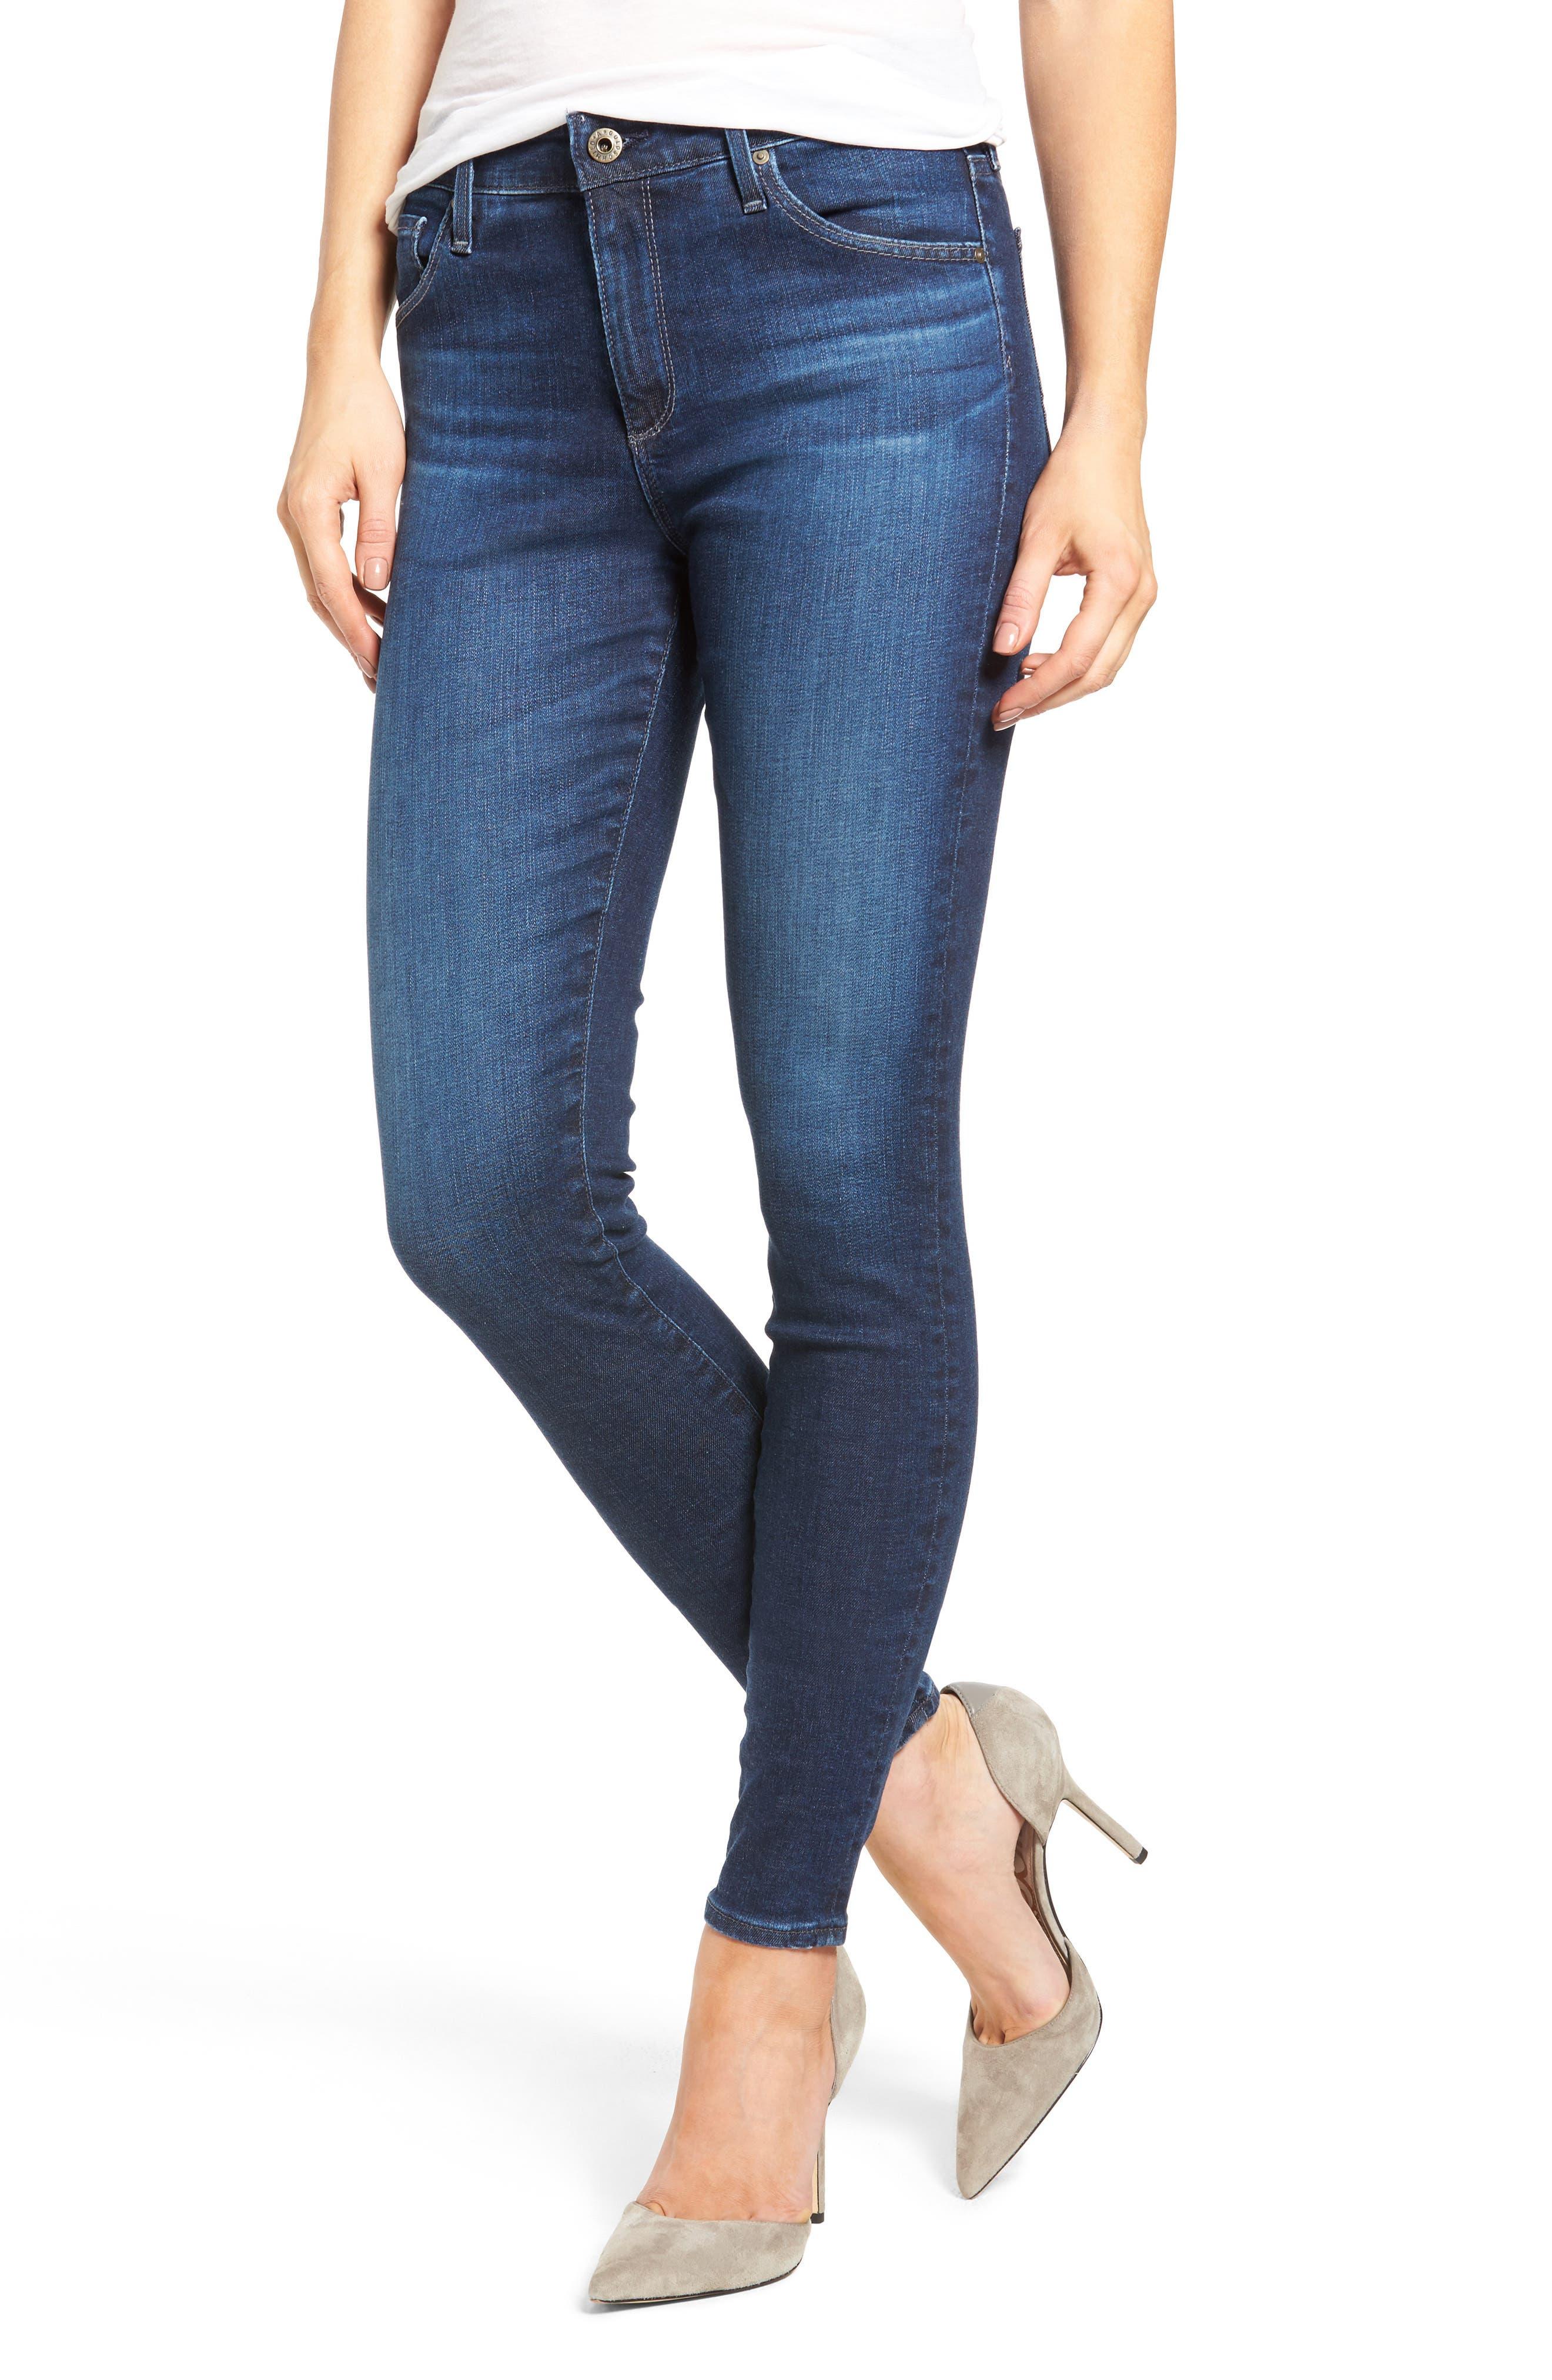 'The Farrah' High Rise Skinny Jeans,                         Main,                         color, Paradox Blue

____

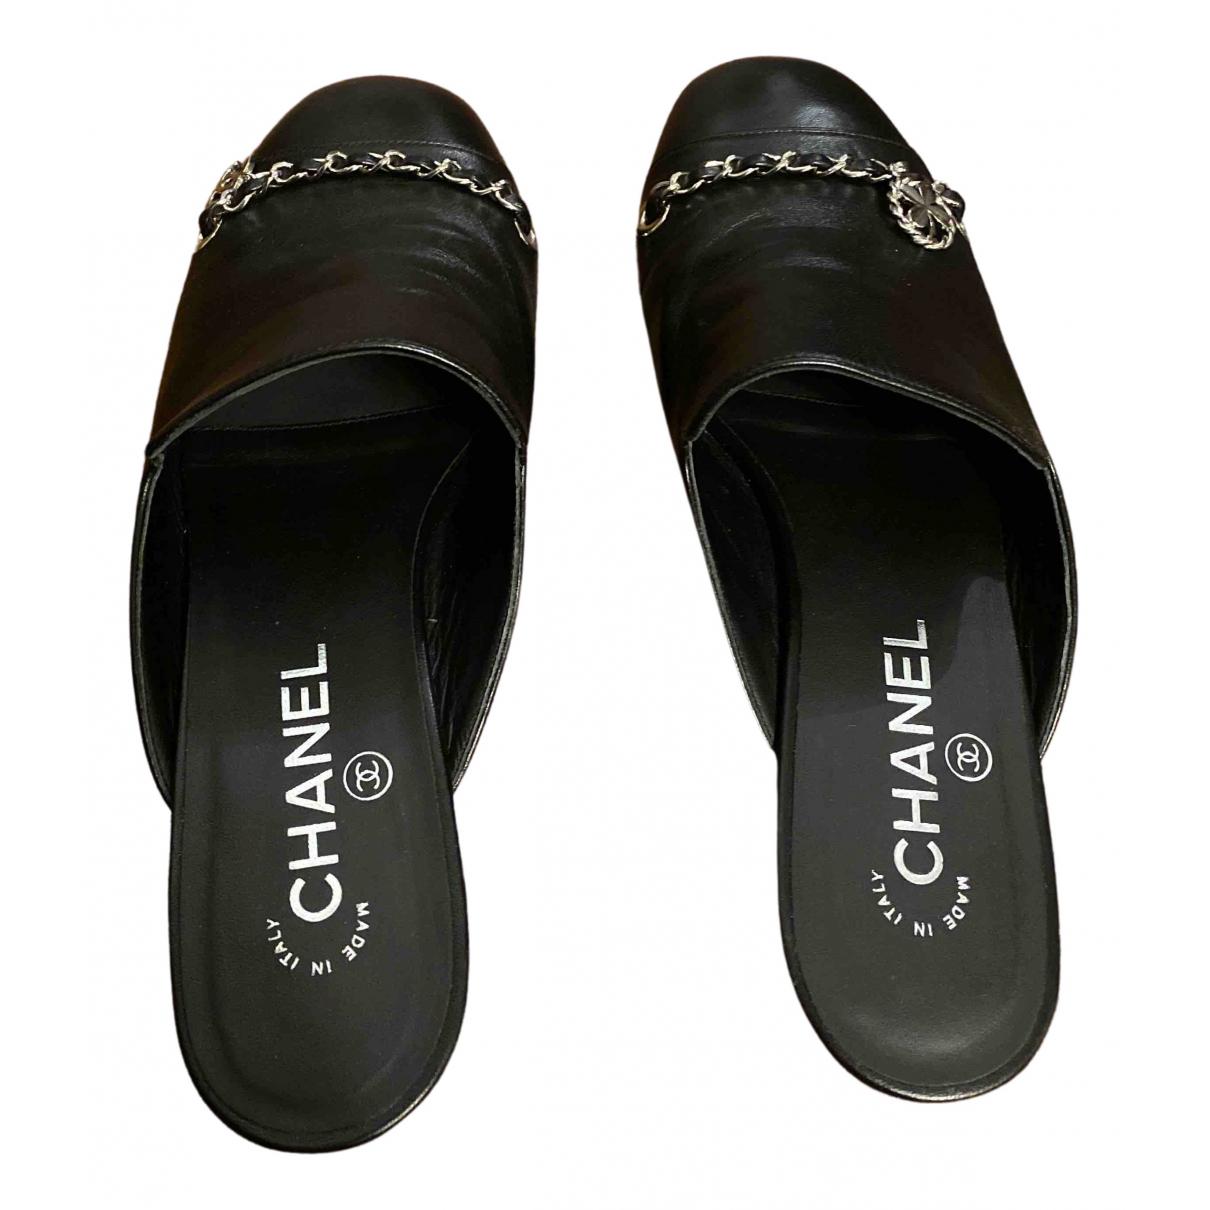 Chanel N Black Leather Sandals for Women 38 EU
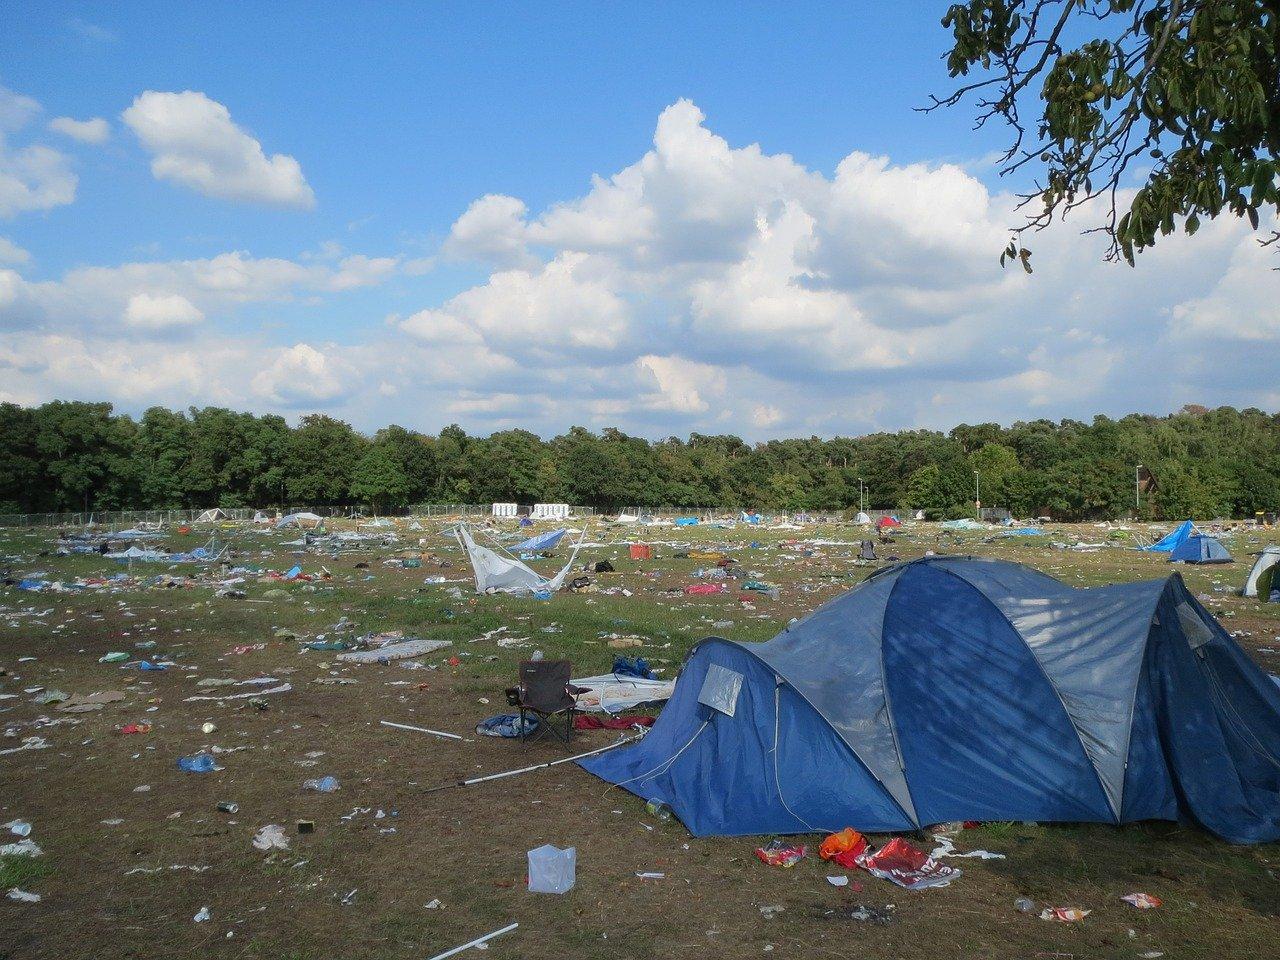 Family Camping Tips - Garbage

____

**WHAT IS REQUIRED**
Exercise for the records above: copy only the lines from the one with "Chanel N Black" to the one with "Family Camping Tips - Garbage", both ends kept, and drop the pictures.

**EXERCISE RESULT**
 Chanel N Black Leather Sandals for Women 38 EU
 Family Camping Tips - Garbage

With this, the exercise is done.